Business Report newspaper this morning quotes company CE Alan Olivier as saying he has always cautioned those who told him the group’s dividend policy was not “as aggressive” as that of other shipping firms that “there will be times when we need money and it will be difficult to raise it”.

Now, as the shipping industry tries to cope with sharply lower volumes and lack of finance, Grindrod is able to stick to its plan to spend R3.2 billion in the next few years, of which R2.8 billion will be used to buy ships.

New acquisitions would be financed by cash resources, cash generated from operations and committed bank finance facilities, Business Report adds.
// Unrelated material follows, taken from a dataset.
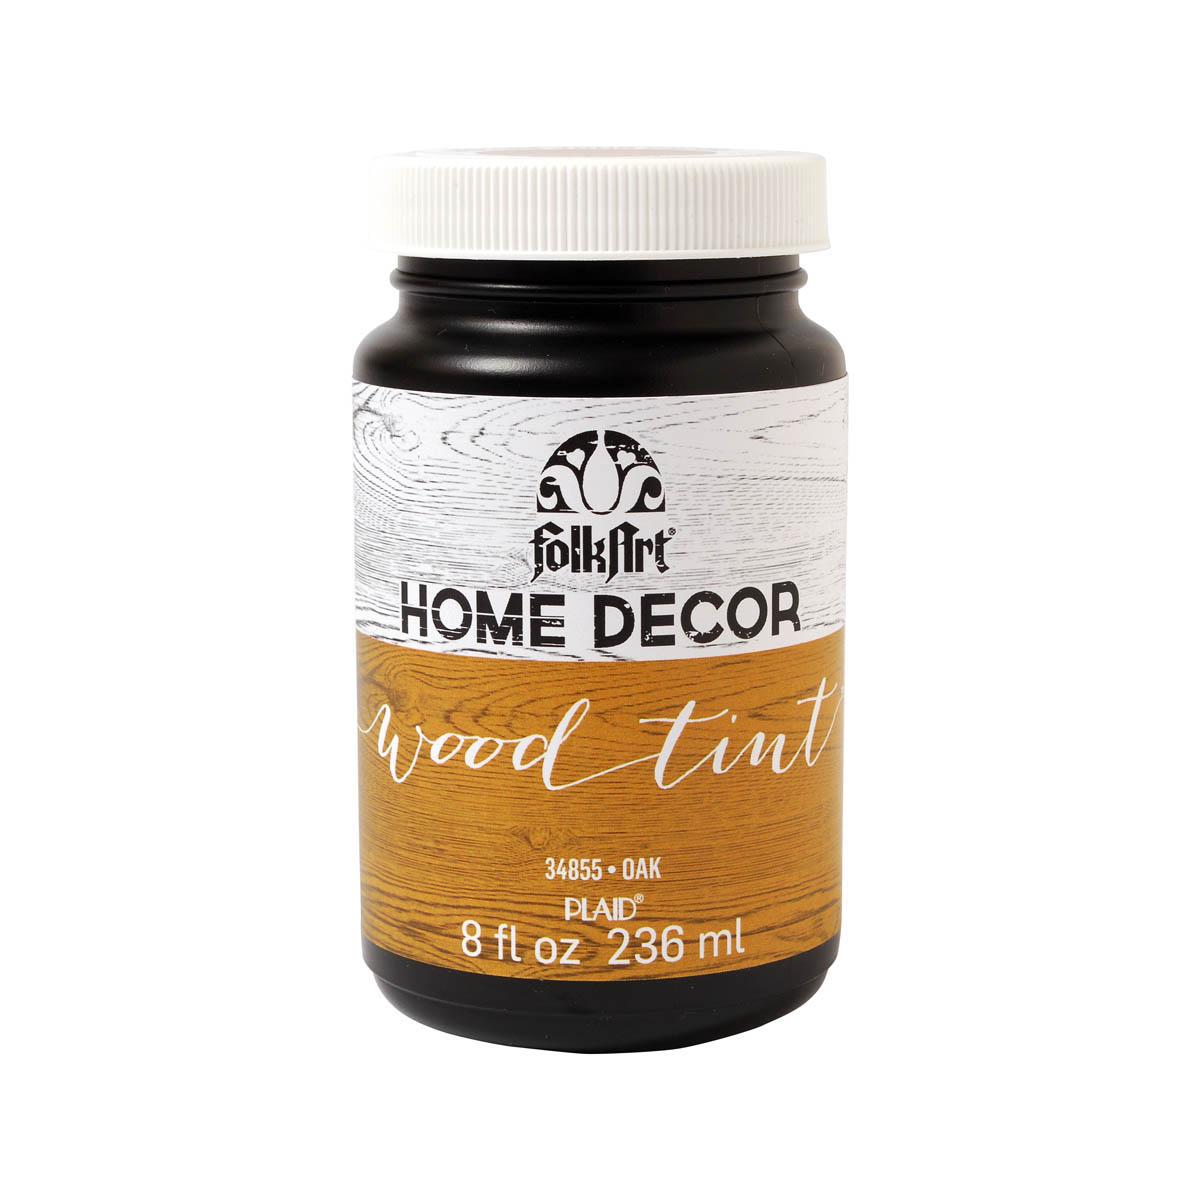 FolkArt ® Home Decor™ Wood Tint - Oak, 8 oz.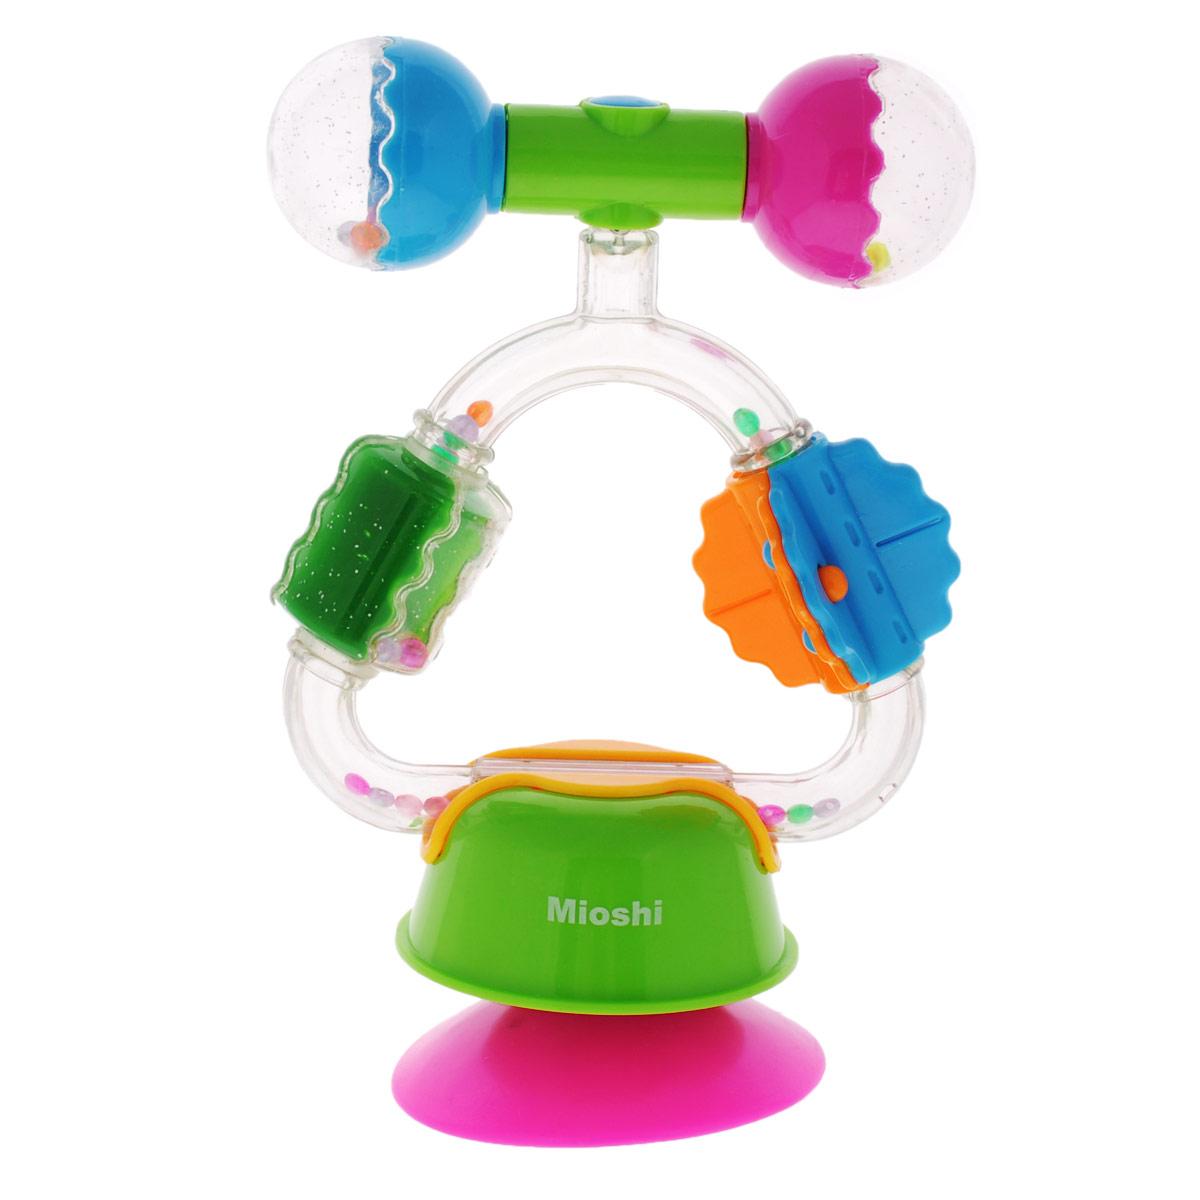 Погремушка-игровой центр Mioshi РадугаTY9028Яркая, звонкая, приятная на ощупь игрушка Mioshi Радуга с фиксатором-липучкой станет любимым развлечением вашей крохи. Игрушка помогает развивать мелкую моторику, восприятие формы и цвета предметов, а также слух и зрение. Игровой центр легко крепится на ровную поверхность с помощью фиксатора-липучки. Игрушки Mioshi созданы специально для малышей, которые только начинают познавать этот волшебный мир. Дети в раннем возрасте всегда очень любознательны, они тщательно исследуют всё, что попадает им в руки. Заботясь о здоровье и безопасности малышей, Mioshi выпускает только качественную продукцию, которая прошла сертификацию.

The group’s financial strength had enabled it to decline business from counterparties it considered to be risky. “In weak … markets you have to make sure the contracts you have are good,” Olivier said.
“While Grindrod is biding its time for the right moment to make a significant acquisition, other shipping companies are restructuring debt or in some cases going under. Shipping companies in Korea and shipyards in Germany are being bailed out by governments,” Business report adds.  

Grindrod may now be able to repeat its successful strategy implemented eight years ago. Alistair Lea, a portfolio manager at Coronation Fund Managers, said the reason Grindrod had made so much money in the past three years was because when the shipping market was in the doldrums nine years ago, the firm was brave enough to lock in its current fleet at low rates.